• Provided data:
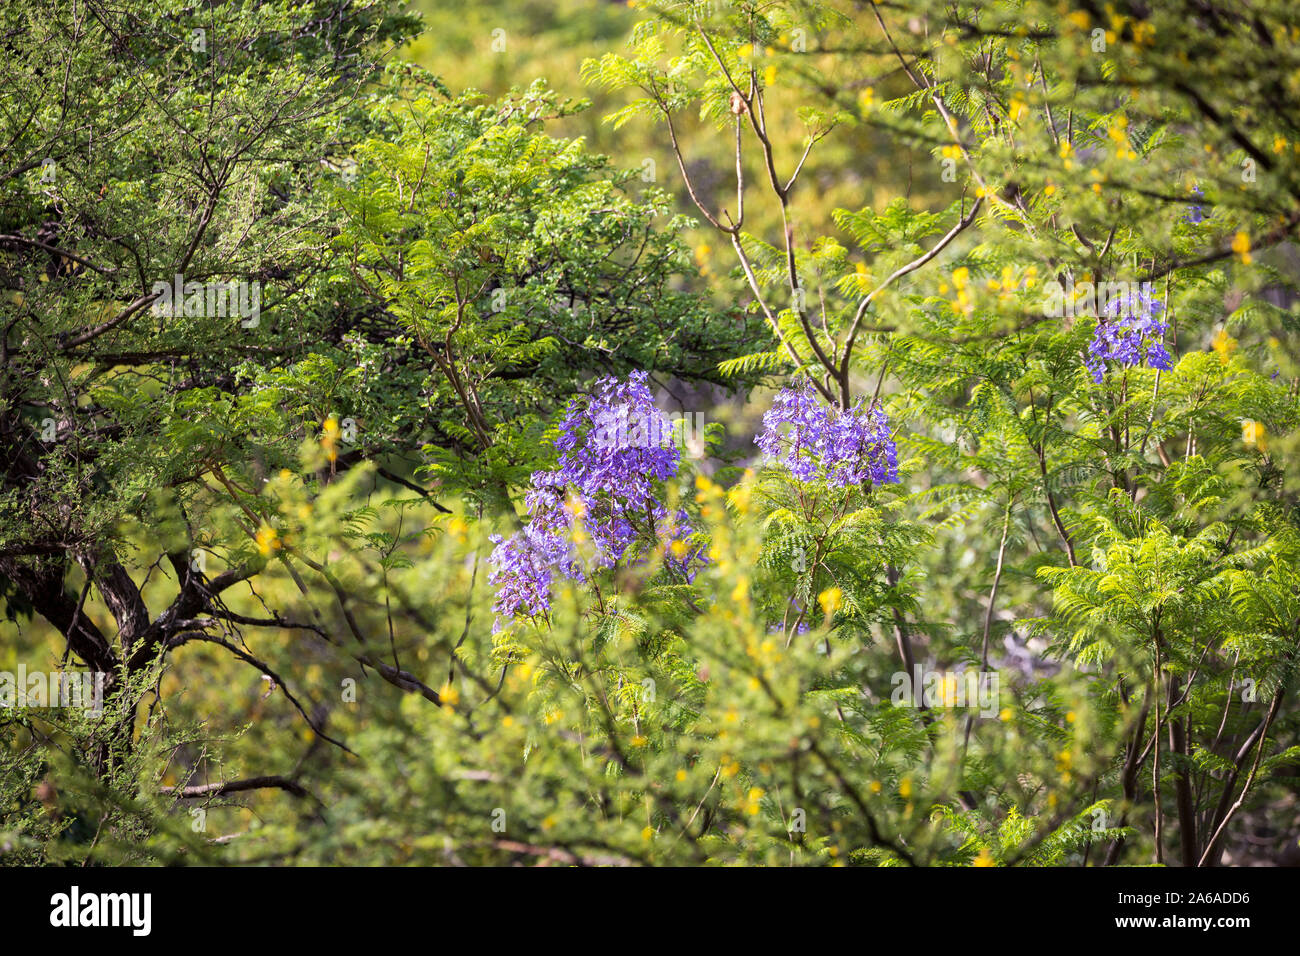 Fond vert avec des arbres, plantes et fleurs violettes Banque D'Images
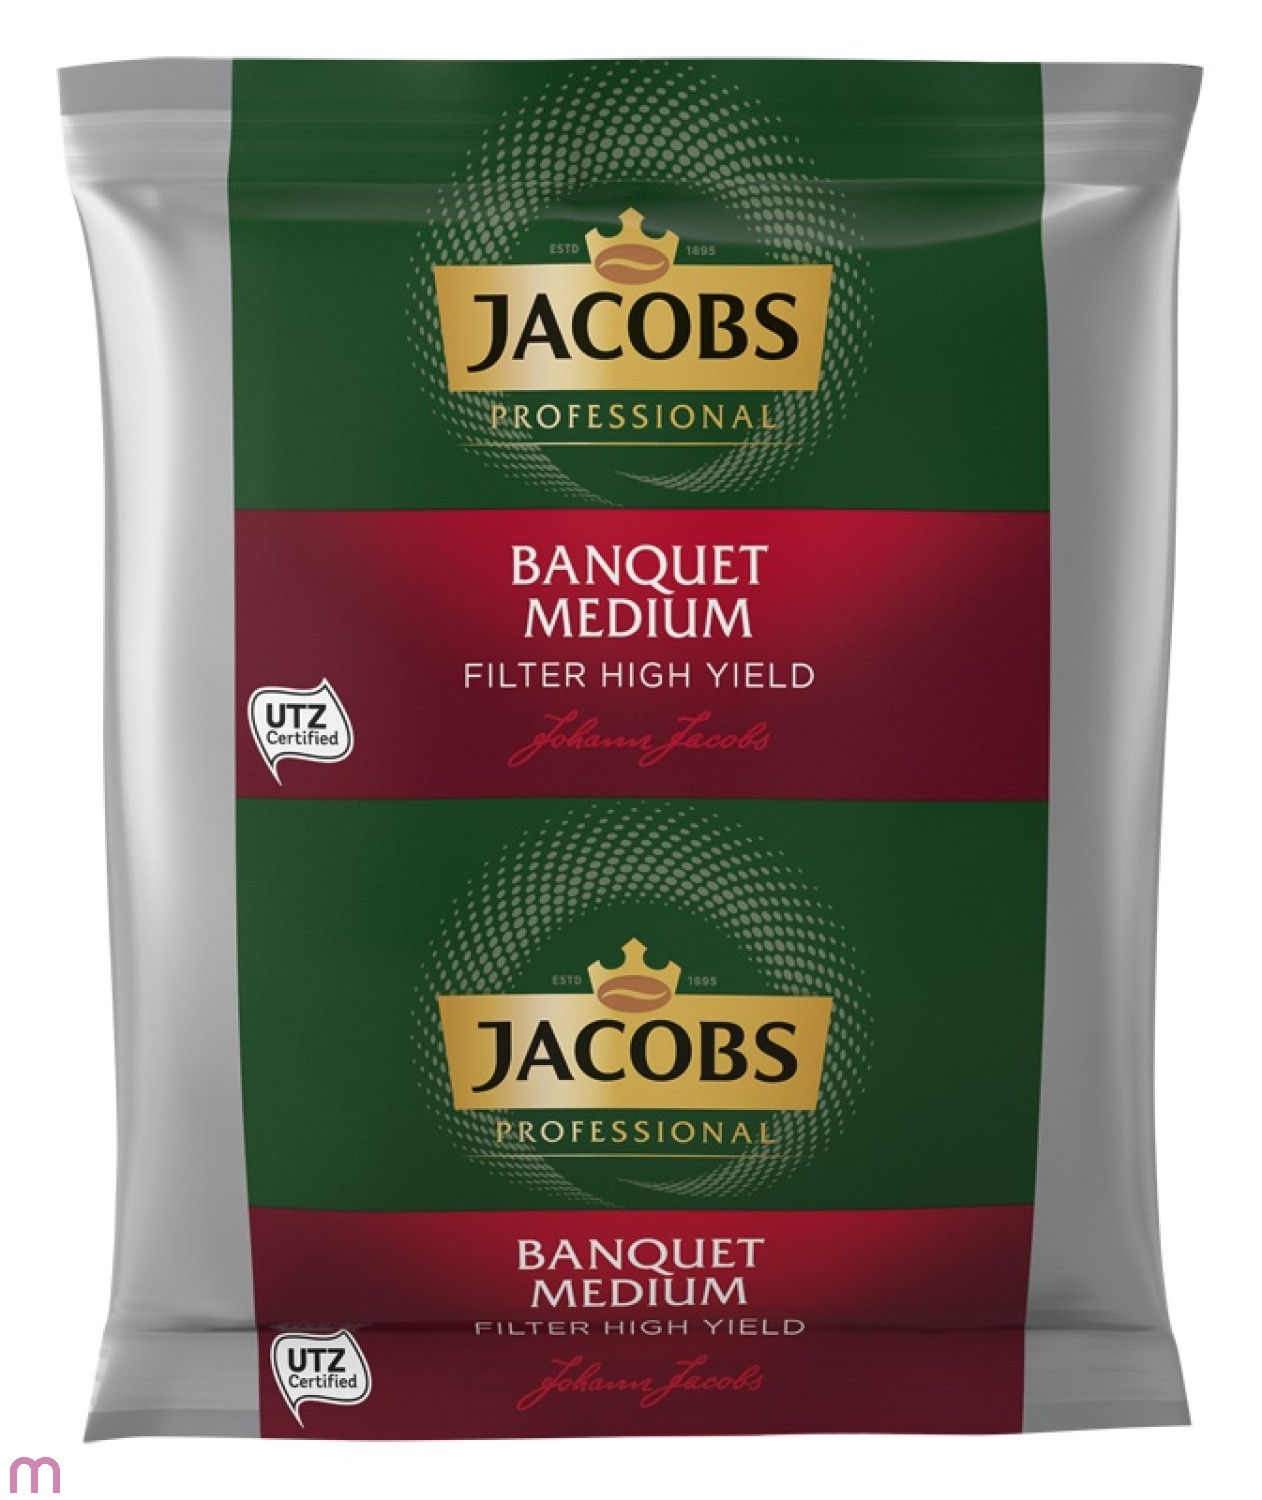 Jacobs Banquet Medium Filter High Yield 100 x 50 g, gemahlen, UTZ zertifiziert
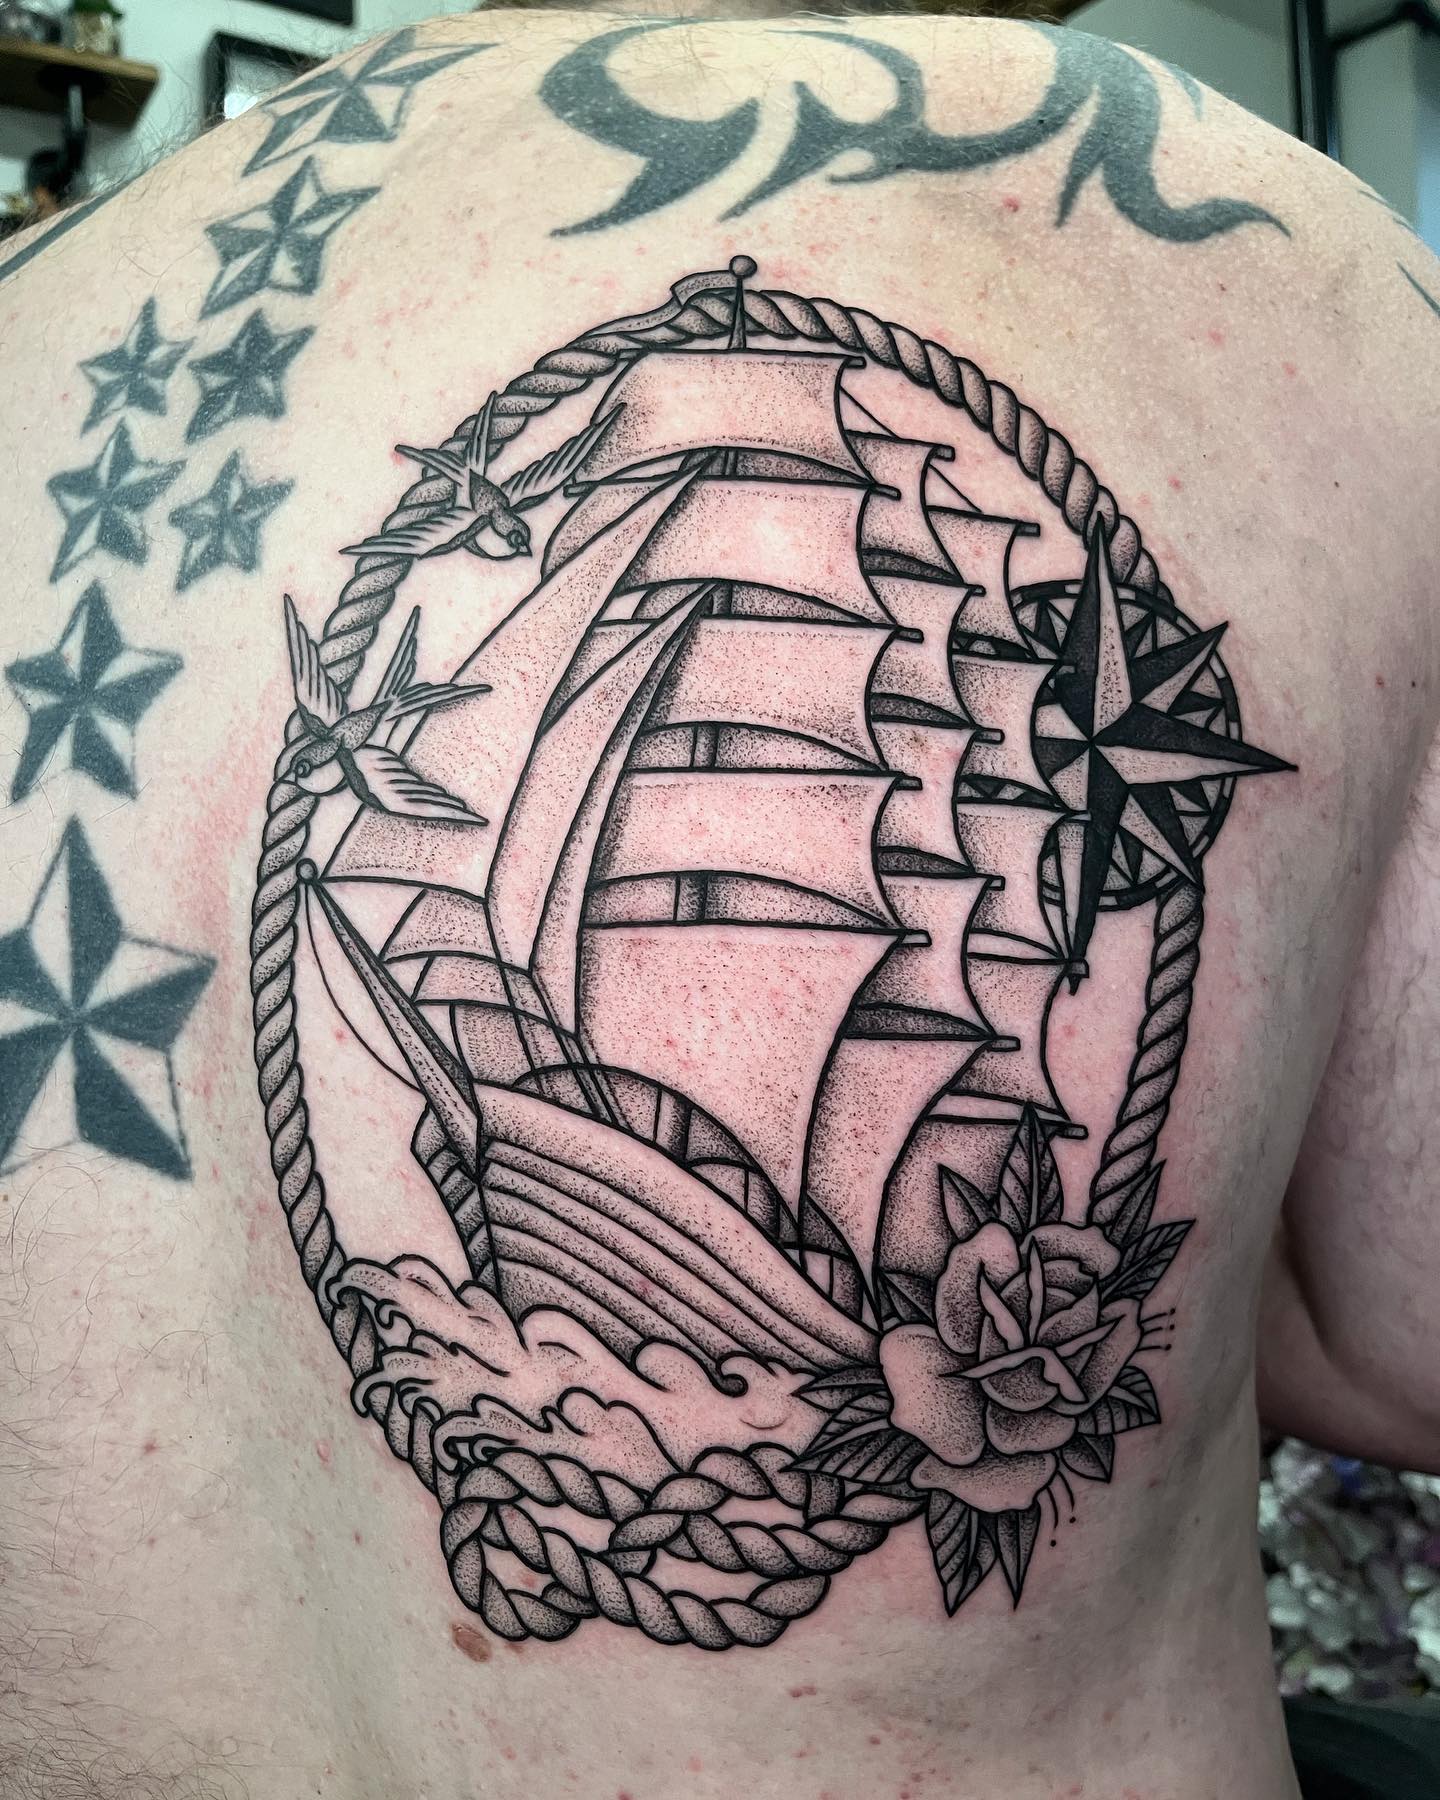 Kraken Ship and Roses Tattoo

• Task statement: What you return must match the material above exactly, minus its pictures.

• Your solution:
 Fond vert avec des arbres, plantes et fleurs violettes Banque D'Images
 Jacobs Banquet Medium Filter High Yield 100 x 50 g, gemahlen, UTZ zertifiziert
 Kraken Ship and Roses Tattoo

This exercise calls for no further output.